その時少女の中で、昨日の「確信」がもう一度確かなものにされたのだった。
清矢郎は一瞬何か考えたようであったが、そのままペットボトルをあさぎに渡した。
あさぎはそれを受け取ると、その口を拭わずに、彼の真似をして豪快に音を立てて飲もうとしたが、格好悪くも咽てしまった。
それでもからからになっていた喉に、水の潤いは気持ちよかった。少し頭がすっきりした。
そしてその若干冷静になった頭であさぎは思うのだった。彼にまた口元を拭わずペットボトルを返しながら、――間接キス、しちゃった、――と。
清矢郎は何も言わずに、またペットボトルを受け取った。そして彼もまたそれを一気に口元まで持っていき、最後まで飲み干した。
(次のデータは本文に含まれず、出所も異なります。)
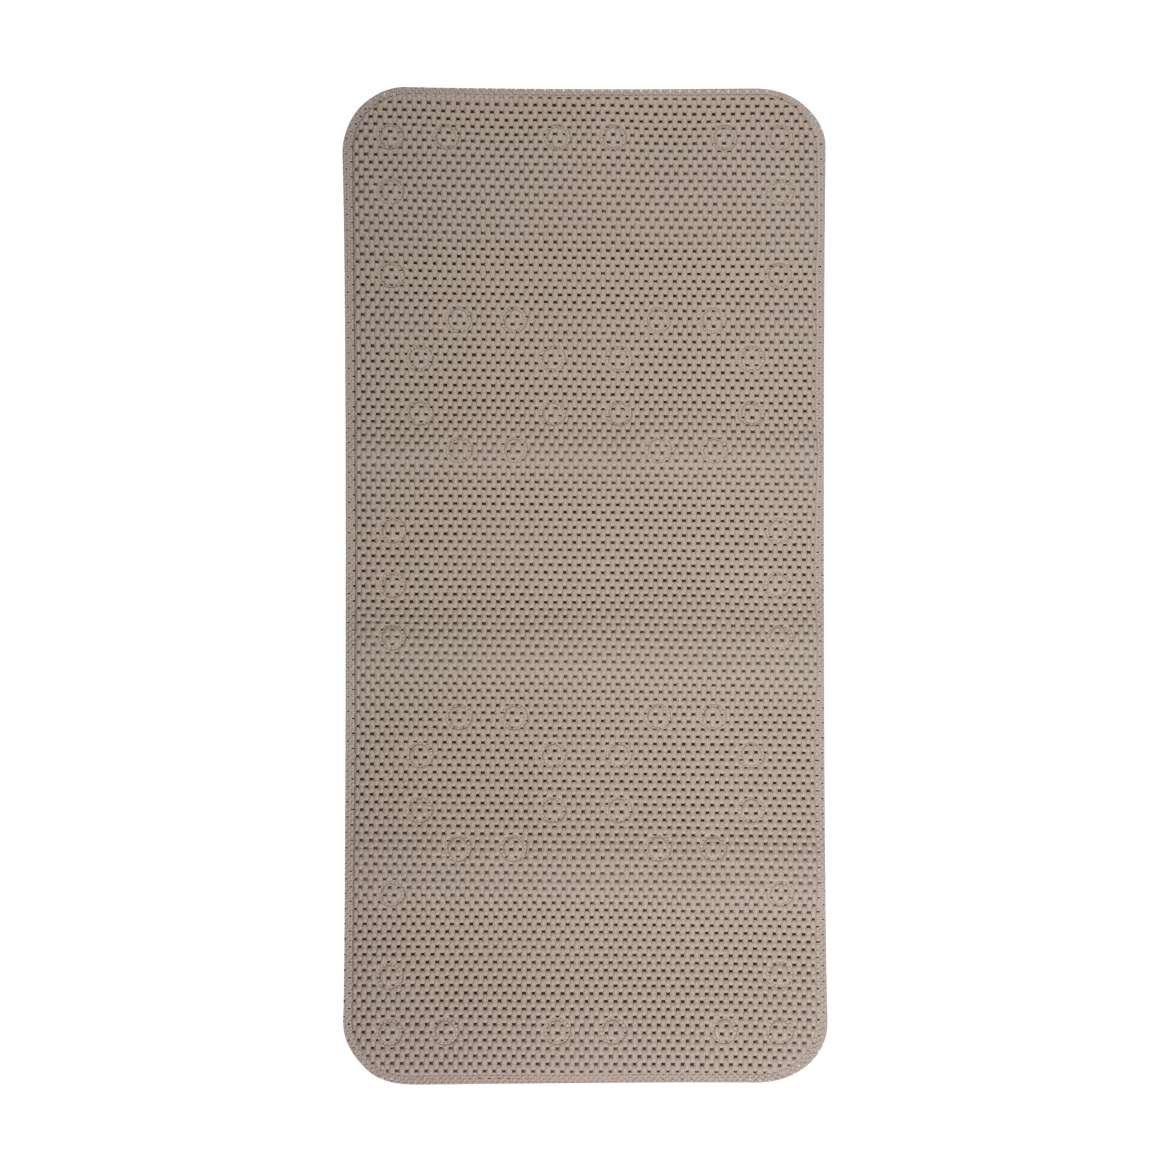 Softex Bath Mats - Taupe, 17 in. x 36 in. | Duck Brand

無言のまま、蝉の声だけが虚しく聞こえてくる。しかし彼がそれを飲み終わった時、その蝉の声に触発されたように、
「――あのさ、」
「神社……」
二人同時に口を開いた。どうやら二人で同じ事を考えていたらしい。思わず視線を交わすと、互いの考えていることが伝わった気がした。
確かに、このような暑くて座るところもない場所で話も出来ないので、それこそ子供の頃、一緒に遊び、そして夏祭りにも行った近所の小さな神社へと二人は移動した。
歩いて五分の距離であるが、これまた無言で歩いていく。
あさぎはぺたぺたとサンダルの音を立てながら、清矢郎の広い背中を追いかけた。